= Software patents and free software =

Opposition to software patents

Opposition to software patents is widespread in the free software community. In response, various mechanisms have been tried to defuse the perceived problem.

==Positions from the community==
Community leaders such as Richard Stallman, Alan Cox, Bruce Perens, and Linus Torvalds; companies such as Red Hat and MySQL; and community groups such as FSFE and IFSO all believe that patents cause problems for free software.

==Patent licensing==
Leading open-source figures and companies have complained that software patents are overly broad and the USPTO should reject most of them.

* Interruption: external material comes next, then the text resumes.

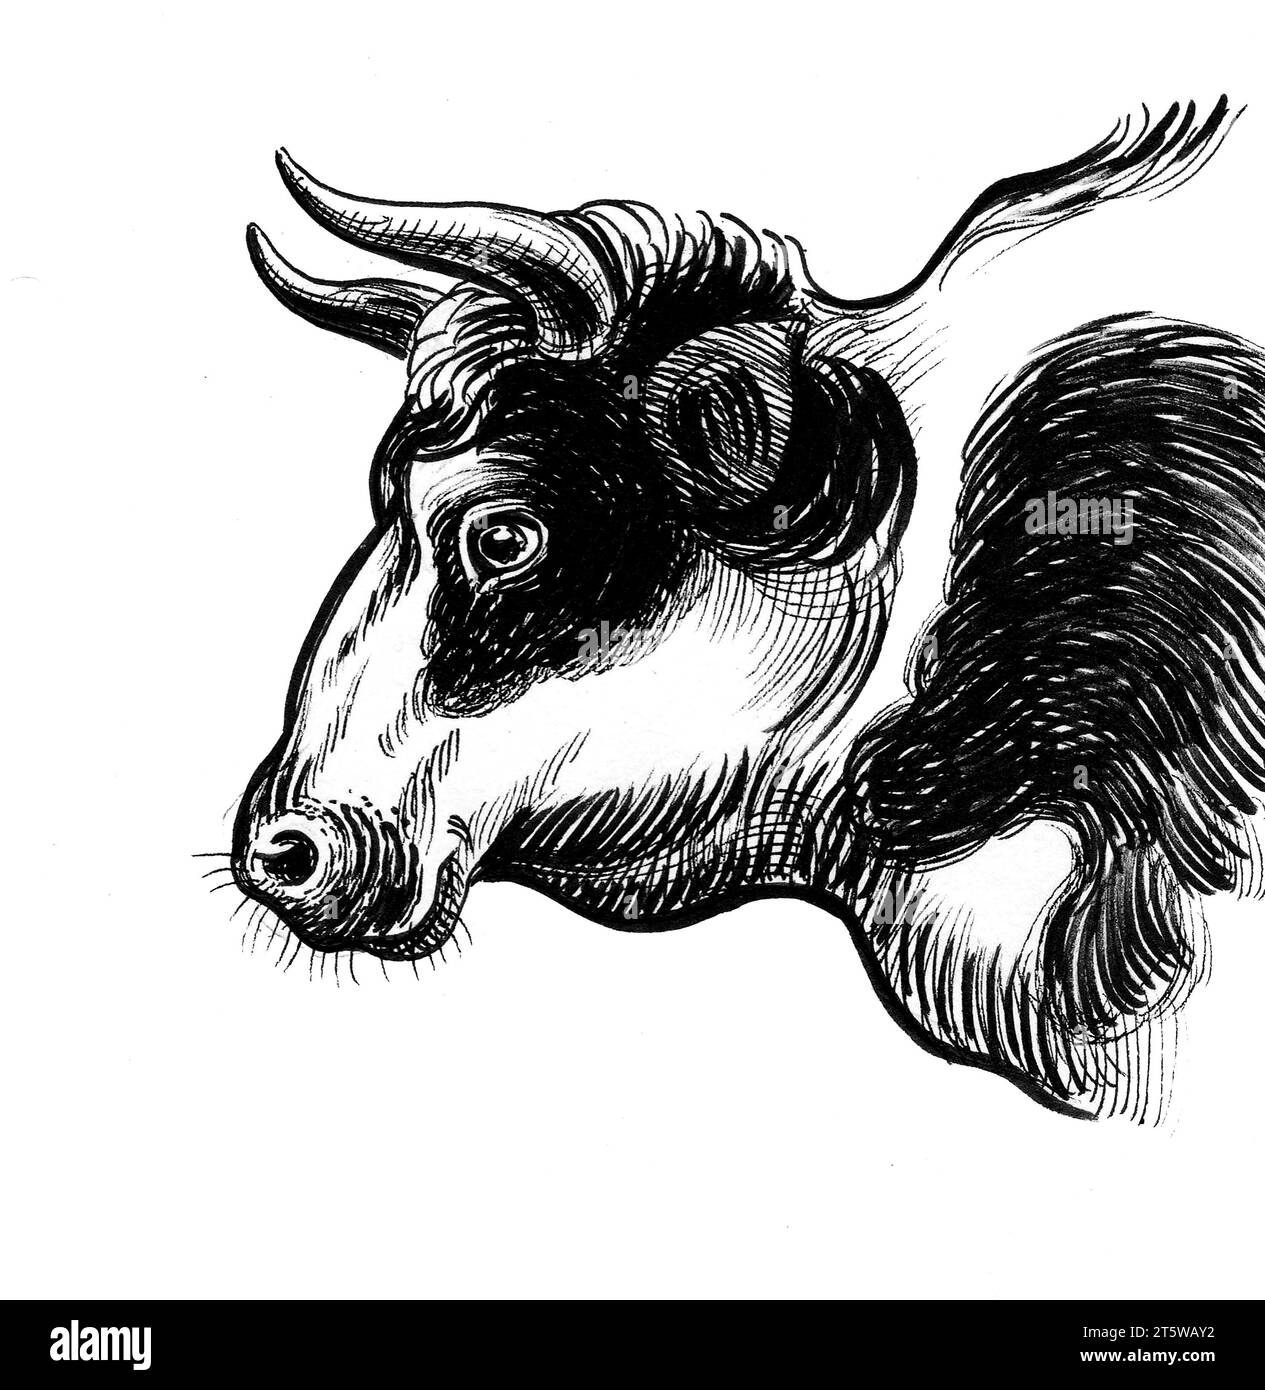 Tête de Bull. Illustration noire et blanche dessinée à la main à l'encre de style rétro Banque D'Images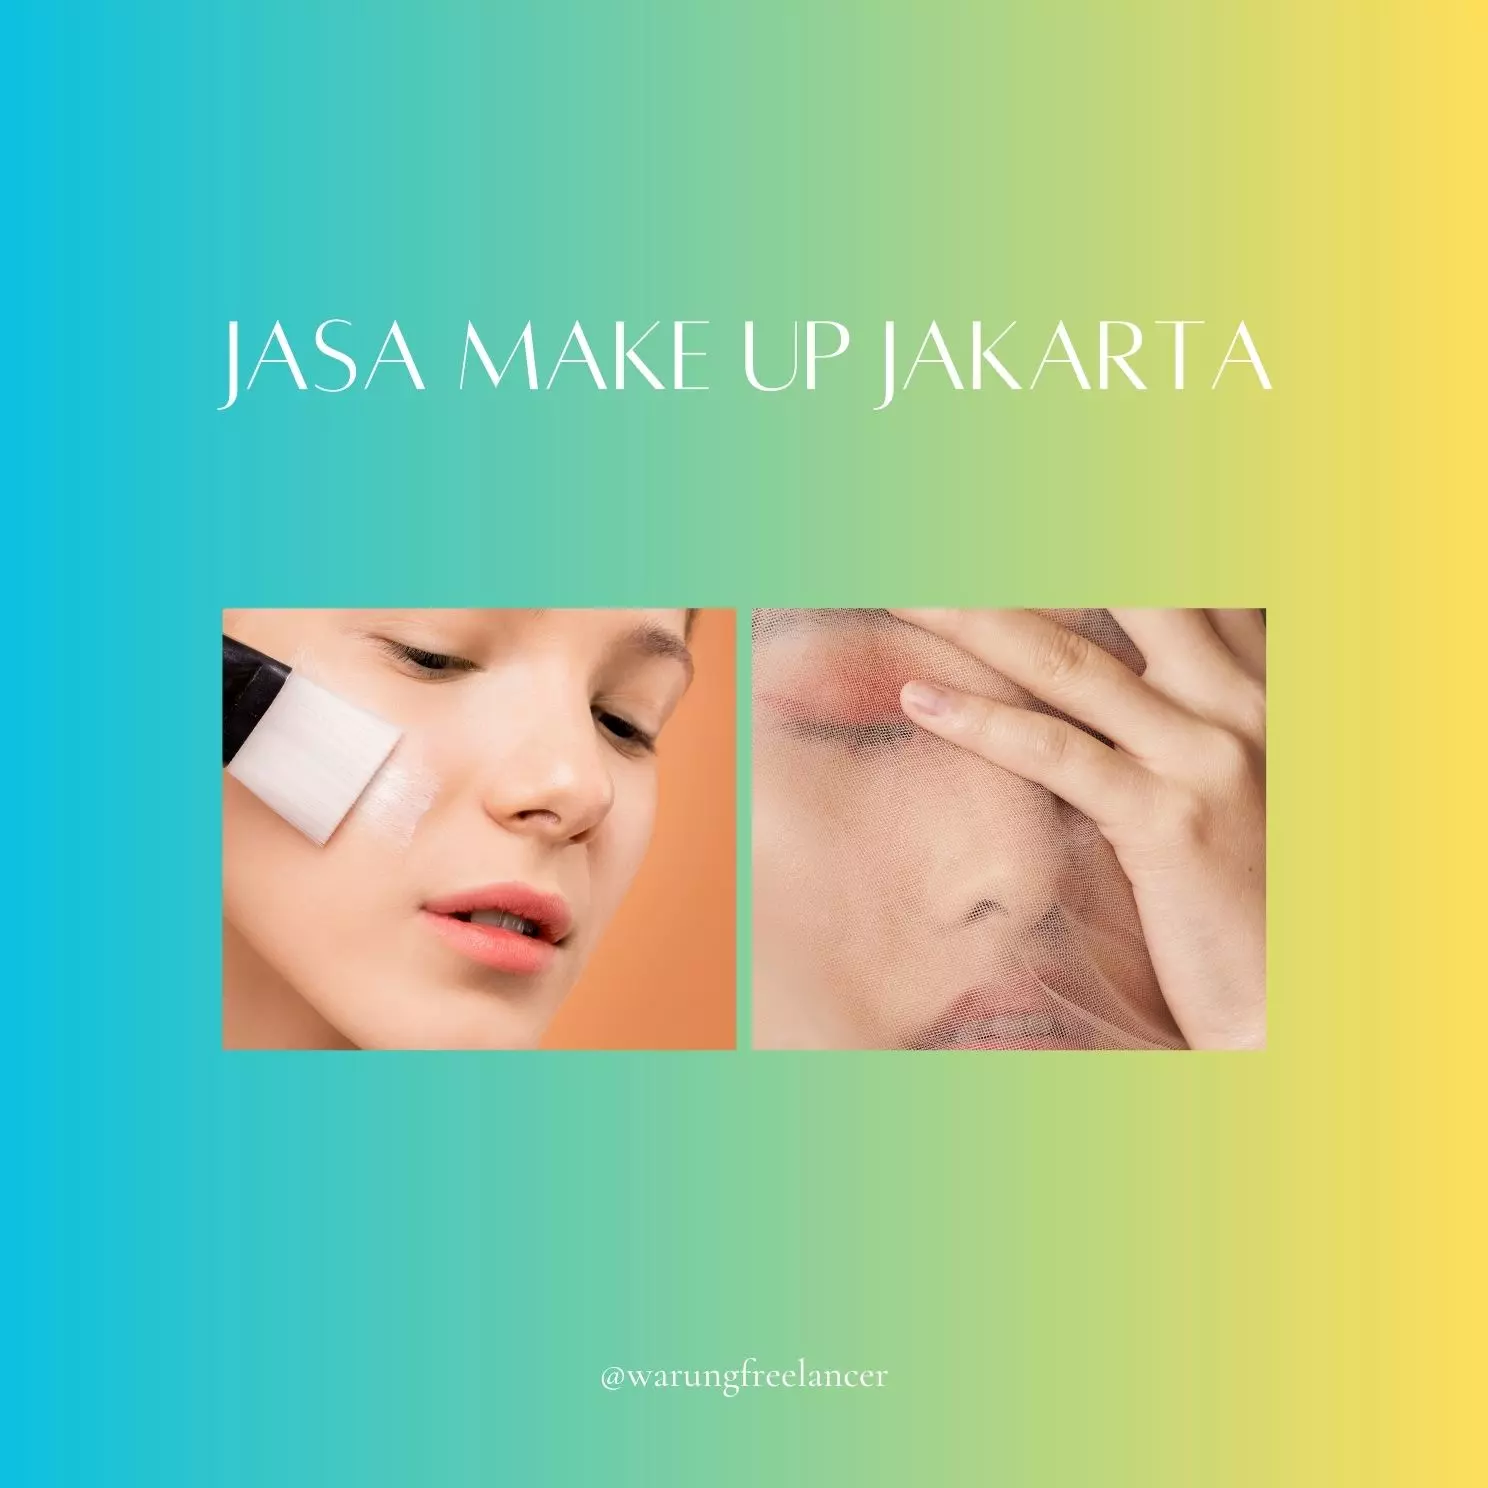 Jasa Make Up Jakarta

Bill Gates has said "If people had understood how patents would be granted when most of today’s ideas were invented, and had taken out patents, the industry would be at a complete standstill today".

==Problems for free software==
Free software projects cannot agree to patent licences that include any kind of per-copy fee. No matter how low the fee is, there is no way for a free software distributor to know how many copies are being made. Also, adding any requirements to pay or to notify someone each time a copy is made would make the software no longer free software.

A patent licence that is royalty-free, or provides a one-time worldwide payment is acceptable. Version 2 of the GNU General Public License does not allow software to be distributed if that software requires a patent licence that does not "permit royalty-free redistribution of the Program by all those who receive copies directly or indirectly through you".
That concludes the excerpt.